The investigation is the last of 12 major inquiries to be made public
that focus on allegations of detainee abuse by American personnel in
Cuba, Afghanistan and Iraq, and the first to focus on Special
Operations troops, who operate with more latitude than other military
units. It detailed harsh treatment that continued at isolated bases
even after the abuses first surfaced at the Abu Ghraib prison.

Special Operations interrogators gave some detainees only bread or
crackers and water if they did not cooperate, according to the
investigation, by Brig. Gen. Richard P. Formica of the Army. One
prisoner was fed only bread and water for 17 days. Other detainees
were locked for as many as seven days in cells so small that they
could neither stand nor lie down, while interrogators played loud
music that disrupted their sleep.

The inquiry also determined that some detainees were stripped naked,
drenched with water and then interrogated in air-conditioned rooms or
in cold weather. General Formica said it appeared that members of the
Navy Seals had used that technique in the case of one detainee who
died after questioning in Mosul in 2004, but he reported that he had
no specific allegations that the use of the technique was related to
that death.

Despite the findings, General Formica recommended that none of the
service members be disciplined, saying what they did was wrong but not
deliberate abuse. He faulted "inadequate policy guidance" rather
than "personal failure" for the mistreatment, and cited the
dangerous environment in which Special Operations forces carried out
their missions. He said that, from his observations, none of the
detainees seemed to be the worse for wear because of the treatment.
"Seventeen days with only bread and water is too long," the general
concluded. But he added that the military command's surgeon general
had advised him "it would take longer than 17 days to develop a
protein or vitamin deficiency from a diet of bread and water."

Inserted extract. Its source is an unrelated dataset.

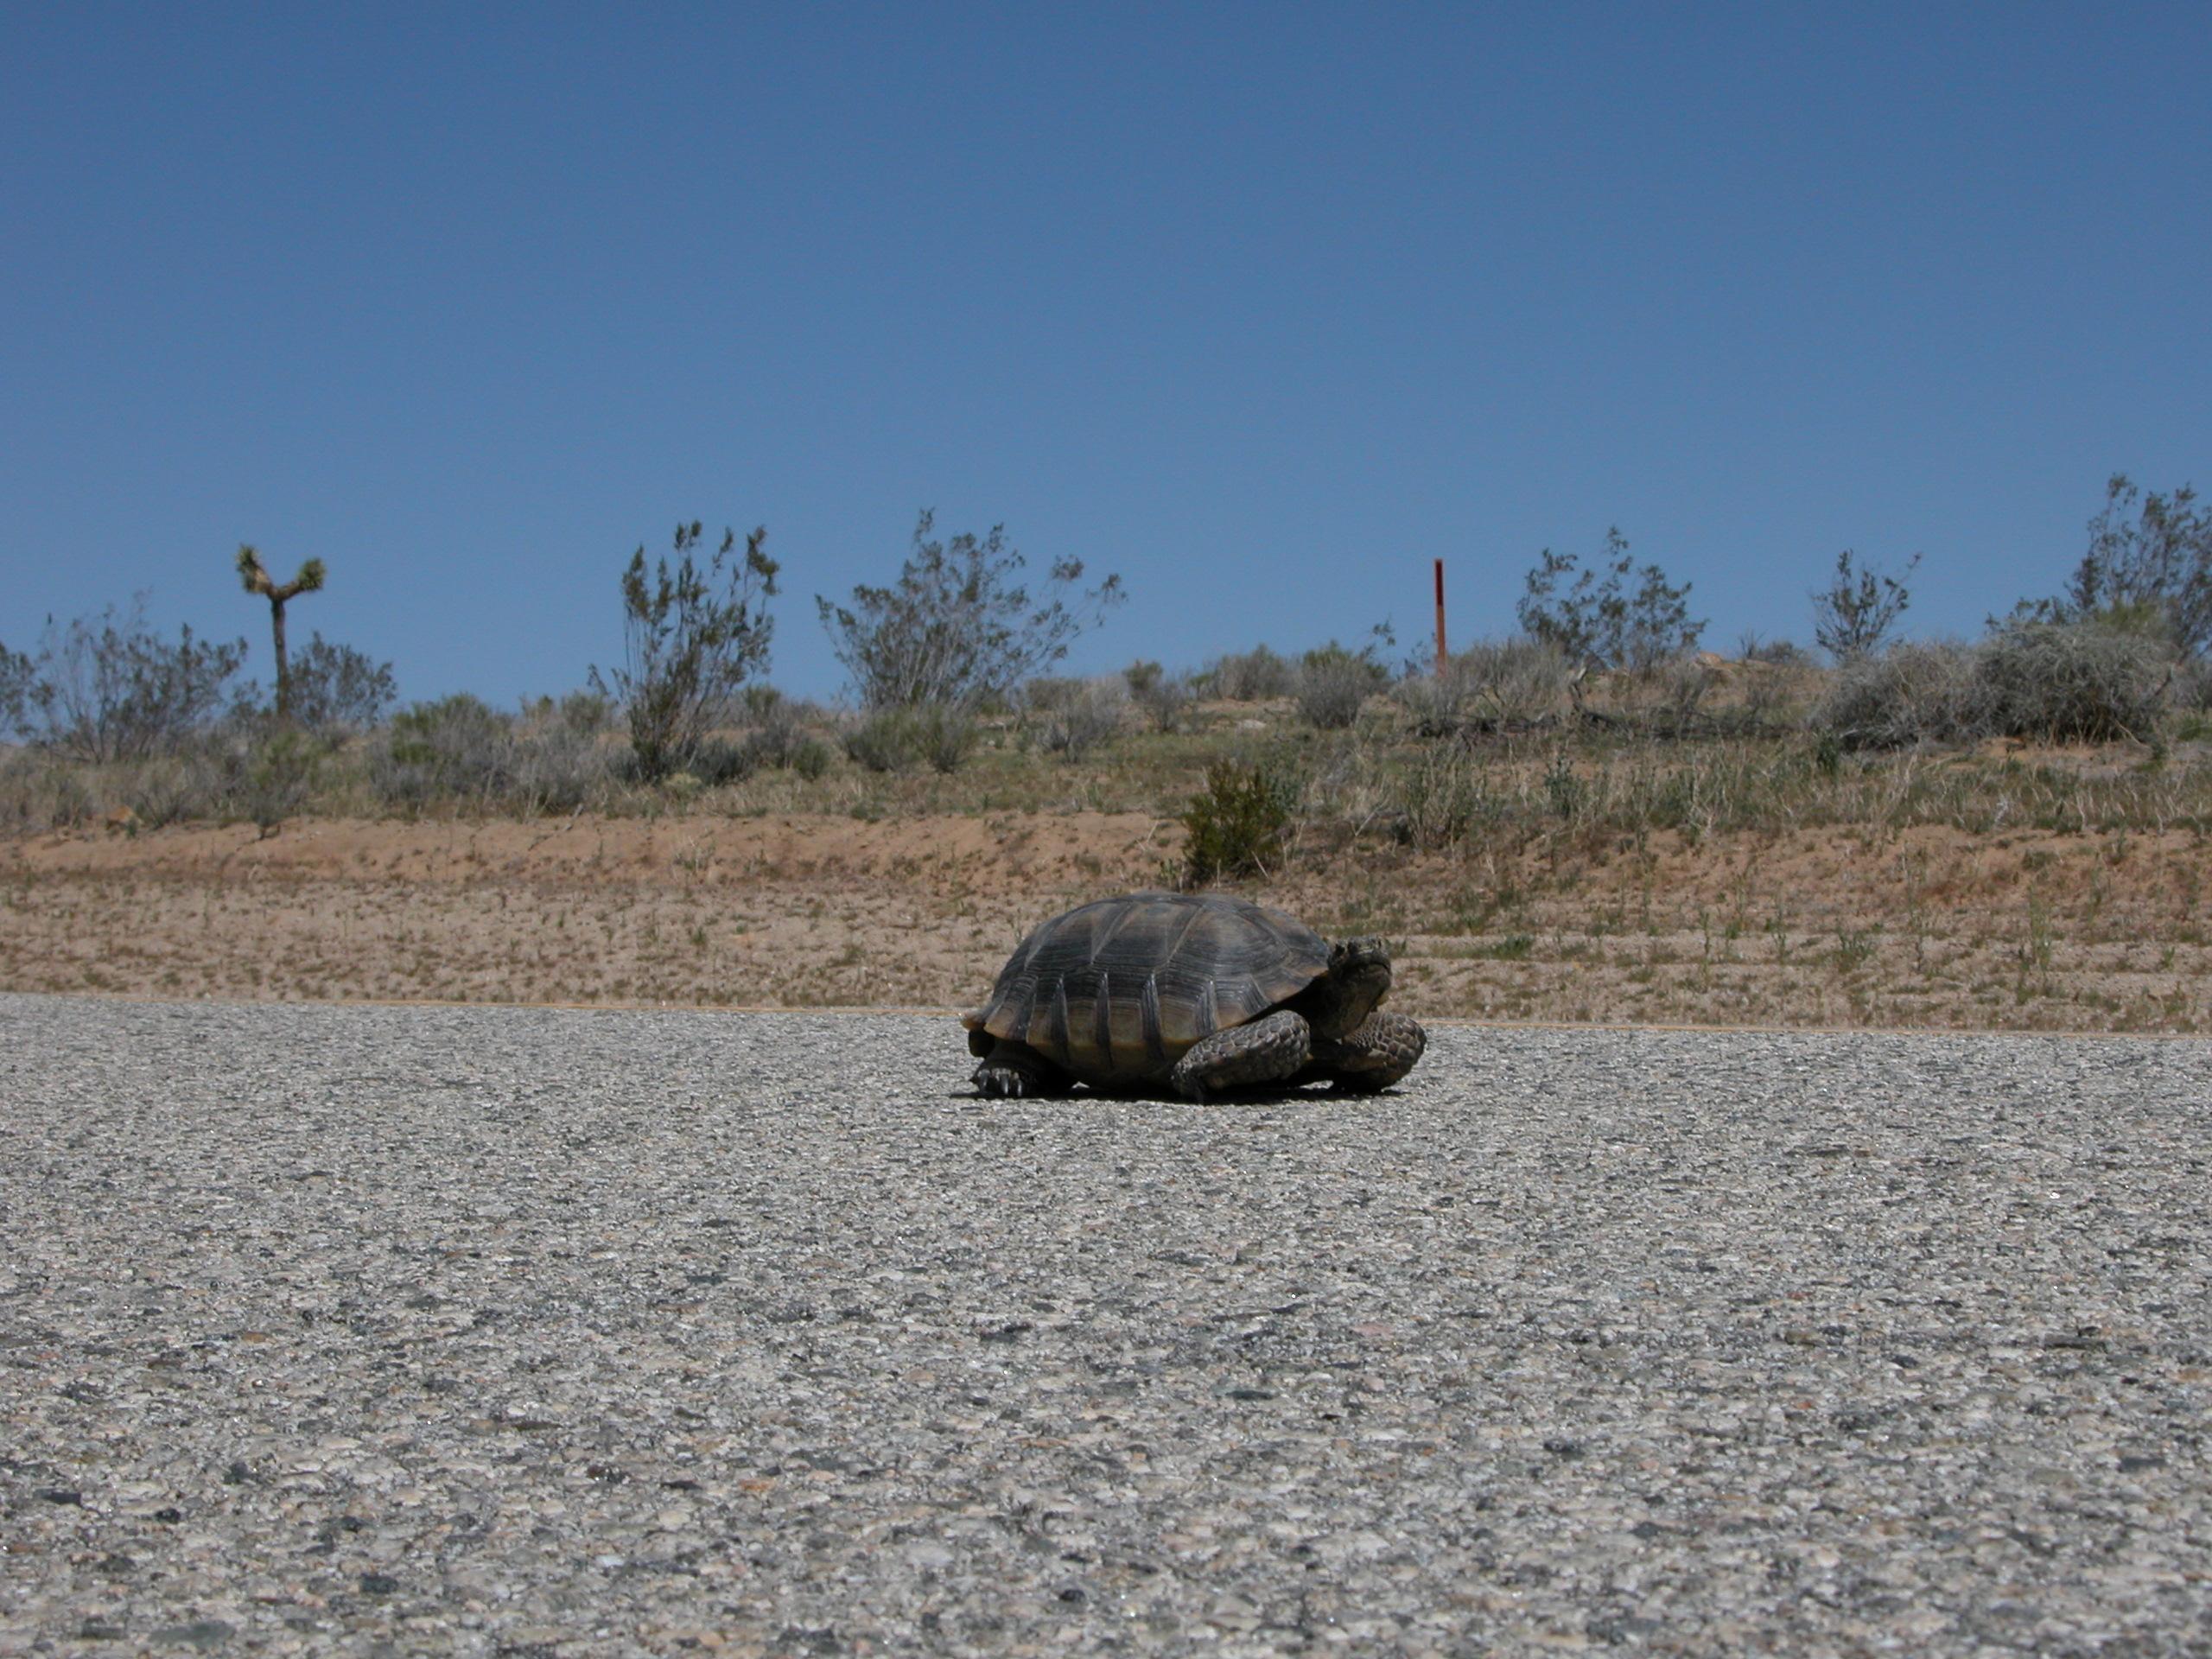 New guidance - stop and help desert tortoises cross road if

General Formica's review focused on the Combined Joint Special
Operations Task Force-Arabian Peninsula, which included soldiers from
the Army's Fifth and 10th Special Forces Groups. It did not cover the
actions in Iraq of more highly classified Special Operations units,
including Delta Force and some Navy Seal groups, or other specialized
units including Task Force 6-26, a subject of extensive allegations of
misconduct that were reported by The New York Times in March. General
Formica recommended eight changes, including more training for Special
Operations interrogators, minimum standards for detention conditions
and new policies regulating the use of indigenous forces who worked
with those in Special Operations. Pentagon officials said Friday that
all eight had been carried out.

General Formica said that the Special Operations forces mistakenly
used 5 of 12 interrogation techniques between February and May 2004
that Lt. Gen. Ricardo S. Sanchez, then the top commander in Iraq, had
withdrawn in October 2003 because military lawyers had found they were
too harsh. "It is regrettable," General Formica said in an interview
at the Pentagon with three reporters on Friday. "But they were
erroneously given the wrong policy."

General Sanchez had approved the harsher techniques, like blaring loud
music and using military dogs to frighten Iraqi captives, in September
2003. But confusion over use of the techniques became widespread, even
after they were barred a month later except when approved by General
Sanchez. Many of the American captors at the Abu Ghraib prison have
also said they believed the techniques were authorized, even without
General Sanchez's approval.

The report made public on Friday was a heavily redacted copy of the
75-page classified document that General Formica completed 20 months
ago. Members of Congress were briefed on it about a year ago. The
Pentagon had refused requests since then from The New York Times and
other news organizations to provide a declassified version of it.
Defense Secretary Donald H. Rumsfeld had promised that declassified
versions of all major inquiries would be made public, but this one was
released in response to a Freedom of Information Act request by the
American Civil Liberties Union.

Senior Defense Department officials said General Formica's review was
not intended to be a wide-ranging evaluation of Special Operations'
detention and interrogation practices. General Formica conducted
interviews regarding three separate episodes of alleged detainee abuse
involving Special Operations, some of them referred from another Army
inquiry by Maj. Gen. George R. Fay. General Formica also reviewed the
findings of seven other instances that had been previously
investigated.

General Formica said there was no physical or medical evidence to
substantiate allegations by several members of an Iraqi family that
American interrogators at Abu Ghraib in December 2003 had beaten and
slapped them, and then sodomized them with a water bottle. In
addition, he said, the family members were known to be insurgent
sympathizers. In a second case, General Formica said two Iraqi
detainees at a safe house in April 2004 were fed only bread and water
for 13 and 17 days, respectively. But he said allegations that a
former Iraqi policeman and an Iraqi-born Lebanese interpreter, both
working with the Americans, had beaten and kicked them were
unsubstantiated.

General Formica found that in the third case at a Special Operations
outpost, near Tikrit, in April and May 2004, three detainees were held
in cells 4 feet high, 4 feet long and 20 inches wide, except to use
the bathroom, to be washed or to be interrogated. He concluded that
two days in such confinement "would be reasonable; five to seven days
would not." Two of the detainees were held for seven days; one for
two days, General Formica concluded.

Of the seven other previously investigated cases, General Formica
concluded that allegations in two were unfounded and that one did not
involve Special Operations, the report said. In two other cases,
investigations were still pending when General Formica completed his
report in November 2004. A Pentagon spokesman, Lt. Col. Mark
Ballesteros, said Friday that those inquiries had been completed, but
that he would not comment on their findings.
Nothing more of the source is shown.